I snorted, leaning my head back.
“Thank you, Alosia,” I told her.
“This is what we do for each other, Chasina,” she reminded me with a shrug. “This is how we survive them. I may not like you but we’re here, together, for all eternity. Might as well be neighborly.”
I snorted again. Only Alosia would call the act of binding my missing ear after our overlords stripped me of the appendage for failing the mission they’d given me being neighborly.
“Where do you think they’ll go?” I asked, dreamily, as Alosia stood and made her way to the door.

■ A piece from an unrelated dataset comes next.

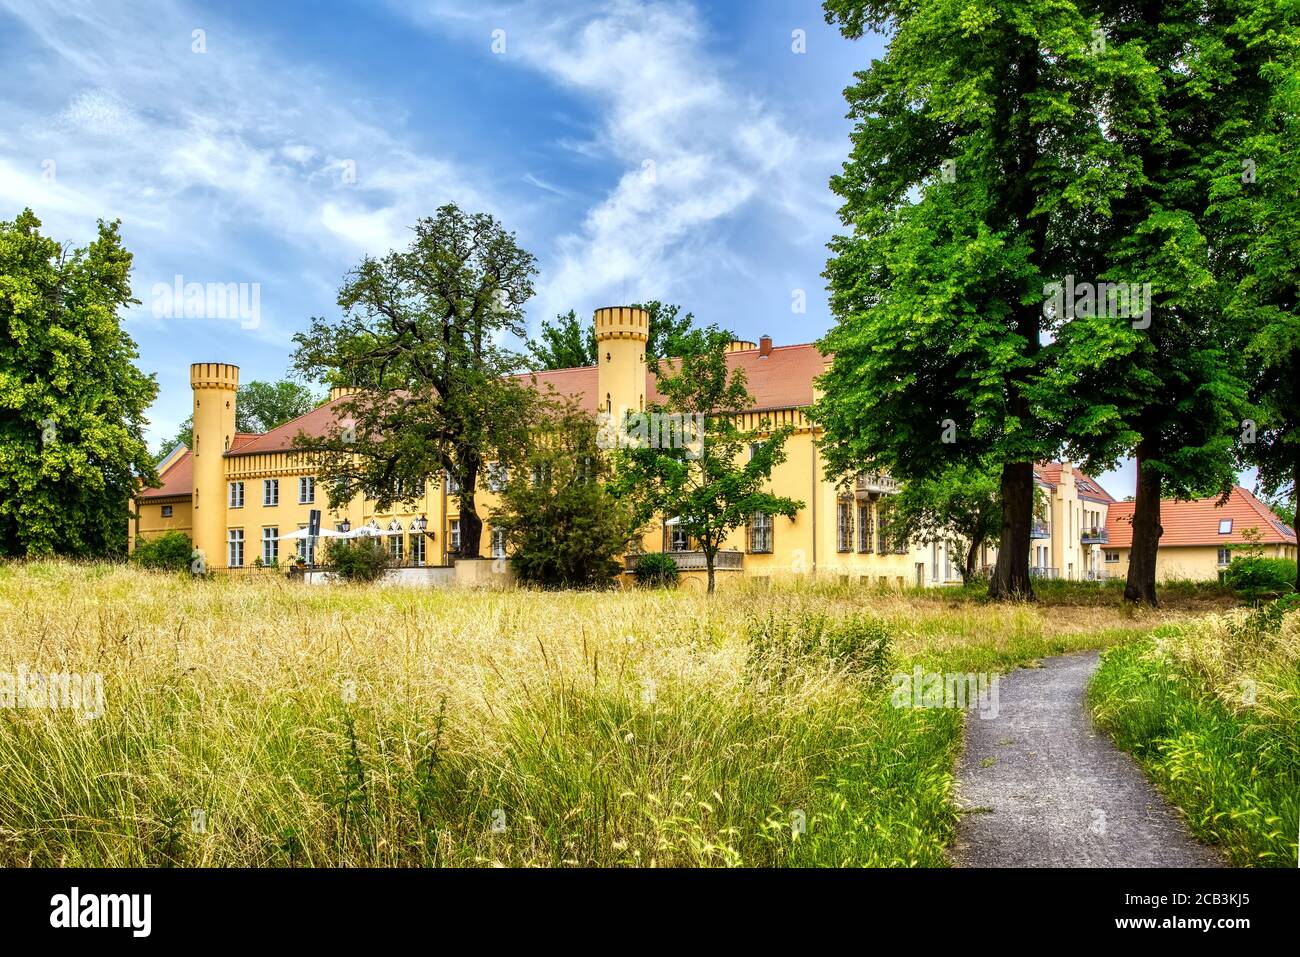 Castle Petzow near Werder, Potsdam Stock Photo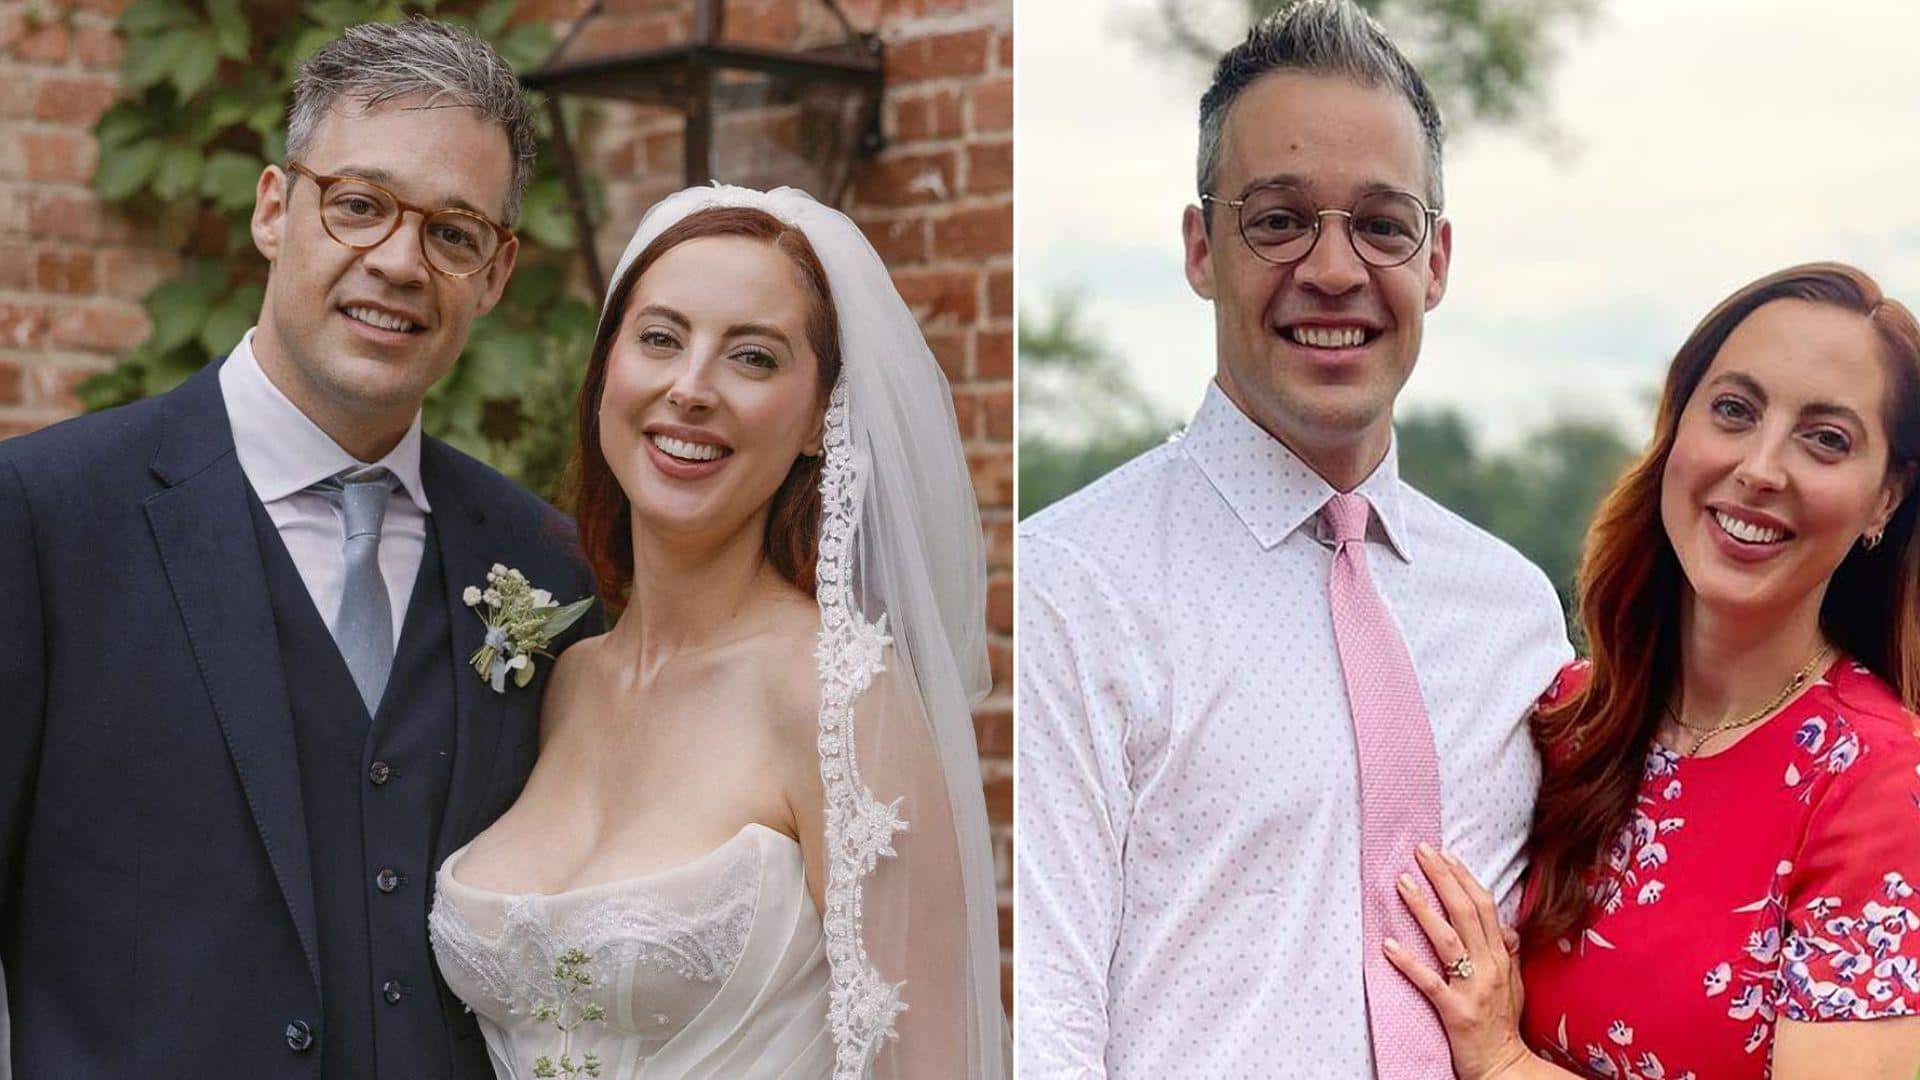 Susan Sarandon's daughter Eva marries chef Ian in 'fairytale' wedding

Whatever she had put in that poultice was working already.
I felt a cool, healing sensation spreading through the left side of my face.
It was making the muscles there slack and the scent of it was reminding me just how exhausted I was.
I yawned as Alosia paused in the threshold and turned back to look at me, her brilliant auburn hair slipping over her shoulders as she did.
“All I know,” she started, seeming to return to that melancholy state we so often found her in lately, “is that this is only the beginning.”
Then she was gone and I was falling into my own abyss, praying that, this time, the drugs would keep the nightmares at bay.